A year after a corruption probe uncovered $95 million in overcharges by San Francisco waste giant Recology, the city has found that the firm earned yet another $23.4 million more than it should have.
But unlike last time, refund checks aren’t coming in the mail.
After a months-long investigation, the city Controller’s Office concluded in a report released Monday that Recology spent less on its workers than the firm projected when San Francisco set its garbage rates in 2017. That discrepancy—among other factors—led the company to reap millions in unwarranted profits from 2018 through 2021.
The report advised Recology to make good on the overbilling by placing the $23.4 million into an account that would offset future rate hikes, including an upcoming cost-of-living adjustment. Controller Ben Rosenfield said he made recommendations in the report to protect ratepayers.
“The city should begin work on a new rate cycle as soon as possible to implement them,” Rosenfield said in announcing the findings.
This audit marks the second time the city found Recology kept more money than it should have from customers since the firm became embroiled in a bribery scandal surrounding former San Francisco Public Works head Mohammed Nuru.
Among myriad revelations to emerge from the controversy: that Recology made more than $1 million in donations on behalf of Nuru, who as public works chief held tremendous sway over its garbage rates.
Last March, Recology agreed to lower prices and repay customers $94.5 million in overcharges and interest after a city investigation uncovered a rate-setting error that went unchecked since 2017. The agreement settled a lawsuit brought by former City Attorney Dennis Herrera.
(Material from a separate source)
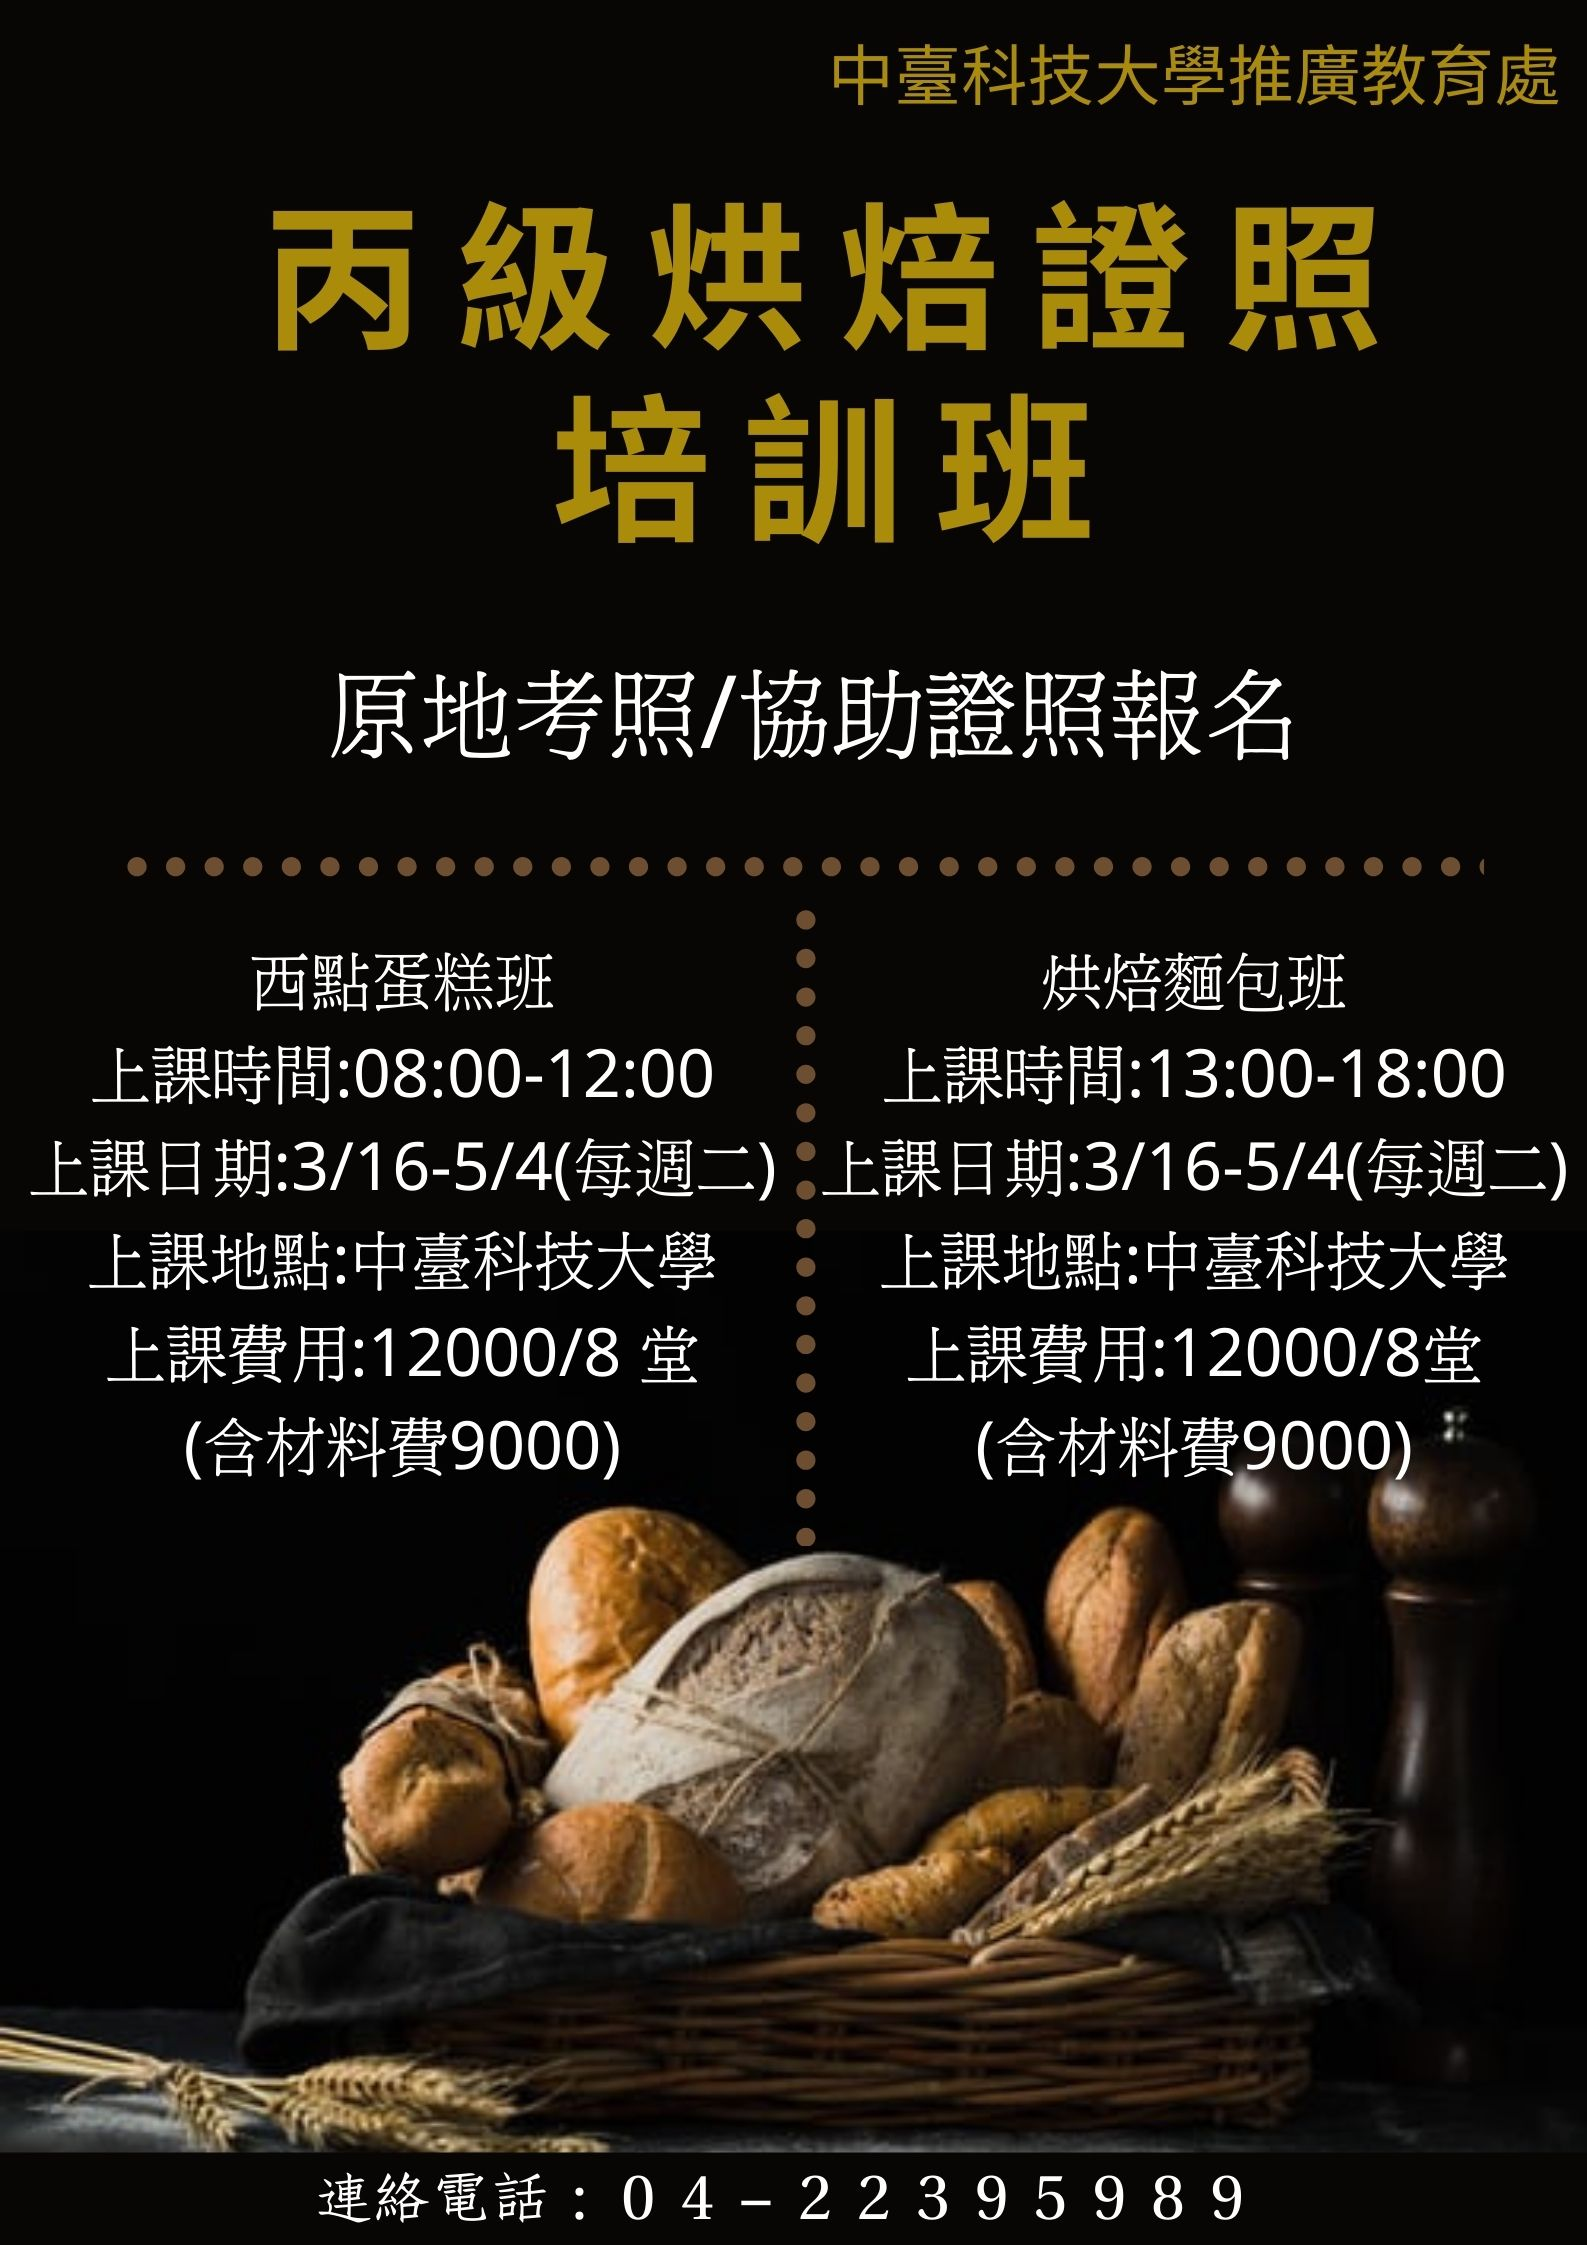 丙級烘焙培訓班 (2)

City Attorney David Chiu—who succeeded Herrera—said Recology “needs to make it right for ratepayers” when erroneous profit projections exceed permitted margins.
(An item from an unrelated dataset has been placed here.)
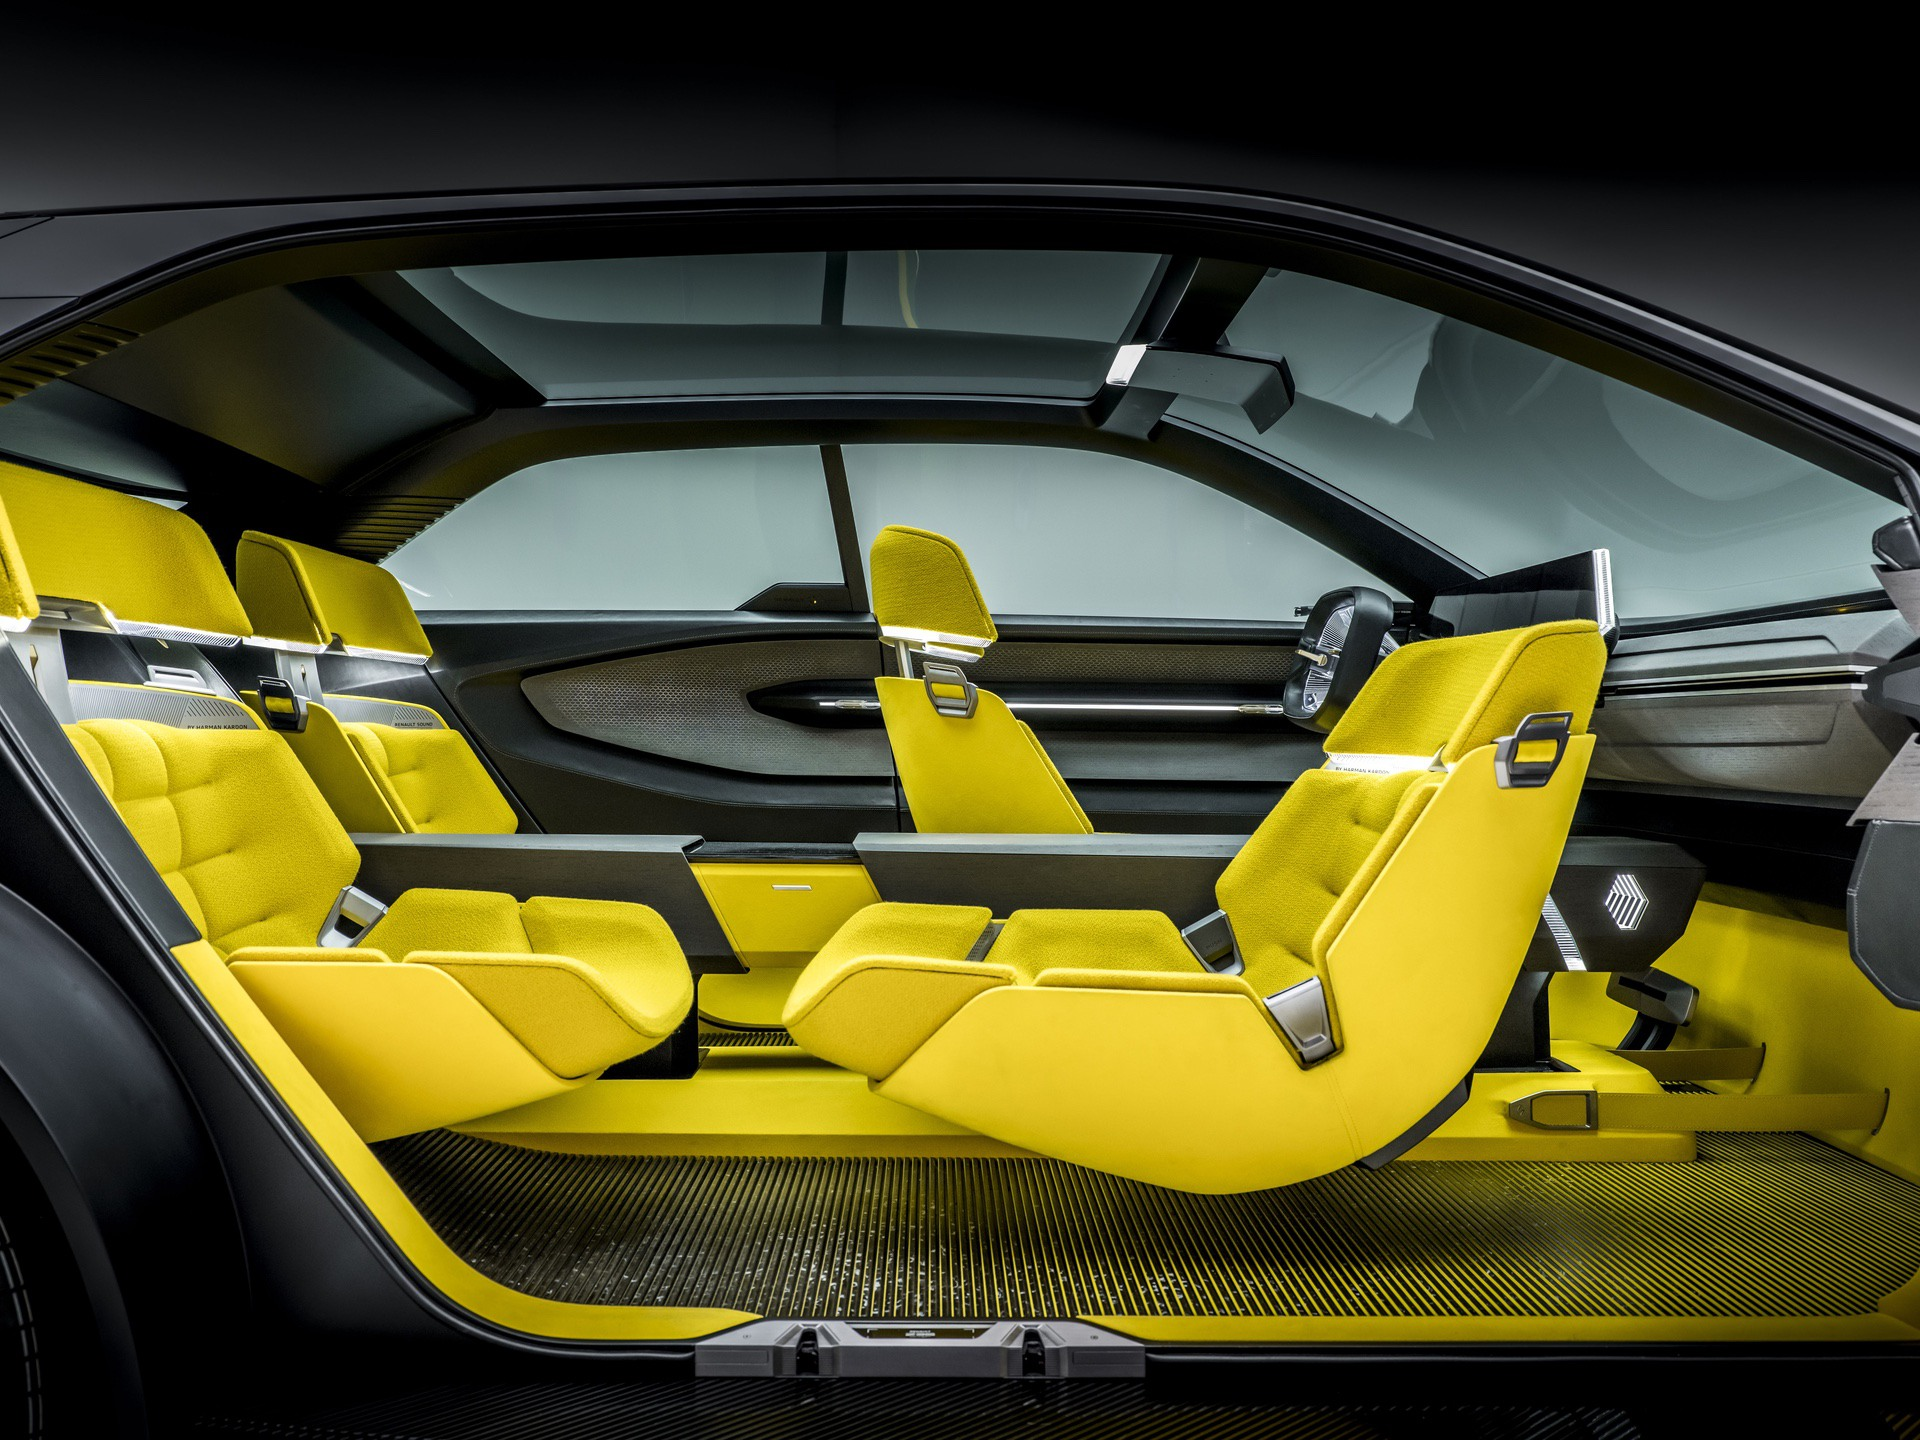 Renault_Morphoz_concept_0109

The $23.4 million is significantly less than anticipated when The Standard first reported in January that the controller was investigating additional overcharging by Recology. At the time, Supervisor Aaron Peskin figured the amount could be as much as $100 million.
Recology, however, disputes the $23.4 million figure. In response to the draft audit, the company acknowledged $19 million in excess profits. The firm, per the report, also argued that it is entitled to keep profits above the allowable margin.
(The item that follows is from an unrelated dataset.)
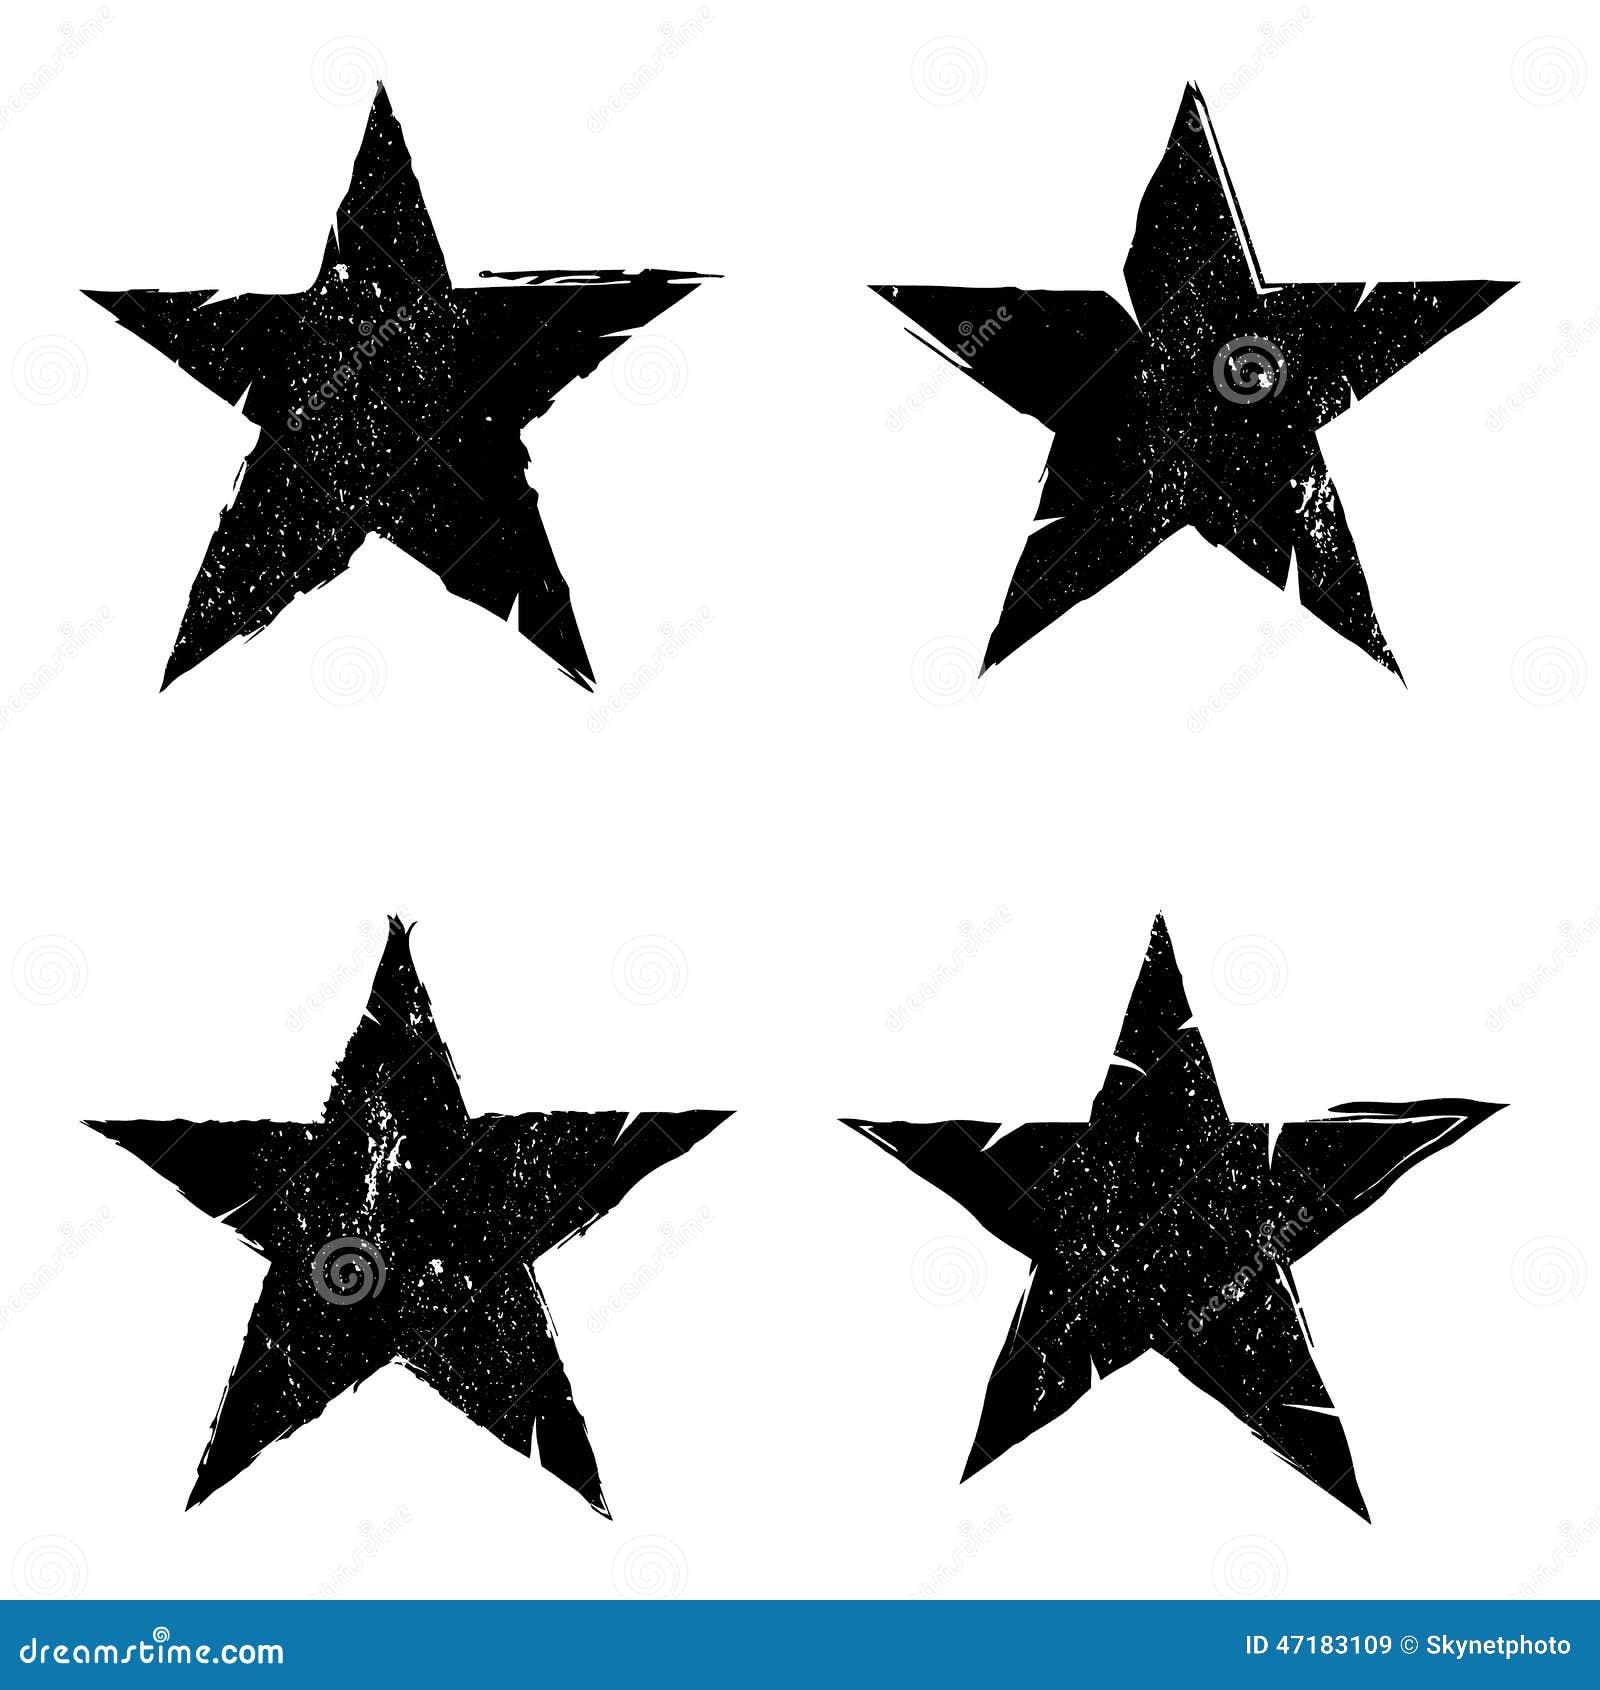 Grunge star background textures set

Recology CEO Sal Coniglio said he welcomes rate-setting reform, but disagrees with some of the findings in the report.
The controller examined various issues that could impact rates beyond the difference between actual and projected labor costs—including Recology selling a property at 900 Seventh Street to Amazon for a reported $202 million.
The report found that Recology could have earned more in “excess profit” if not for the pandemic driving down commercial revenues.
On Monday, Peskin said he and Mayor London Breed intend to reopen the rate-setting process to recover the $23.4 million.
“The city has been engaging in productive and promising discussions with Recology,” he said. “We are hopeful that these additional charges in excess of $20 million will be credited to the ratepayers in the next rate-setting process.”
Recology has enjoyed a monopoly on the city’s trash-hauling for decades under an ordinance passed by voters in 1932. The company controls all garbage-collection permits issued under the local law.
In June, San Francisco voters will decide whether to reform the process enshrined in the ordinance. Proposition F, from Peskin and Breed, would replace the public works director with the controller as the key player in setting rates.
Recology initially tried to undercut the initiative by gathering signatures for a competing ballot proposal. But the company later dropped the effort and now supports the June measure.
Editor’s note: An earlier version of this story said the controller found that Recology overcharged ratepayers by $23.4 million when the report found that the firm collected $23.4 million in unallowable profits. This story has been updated to clarify.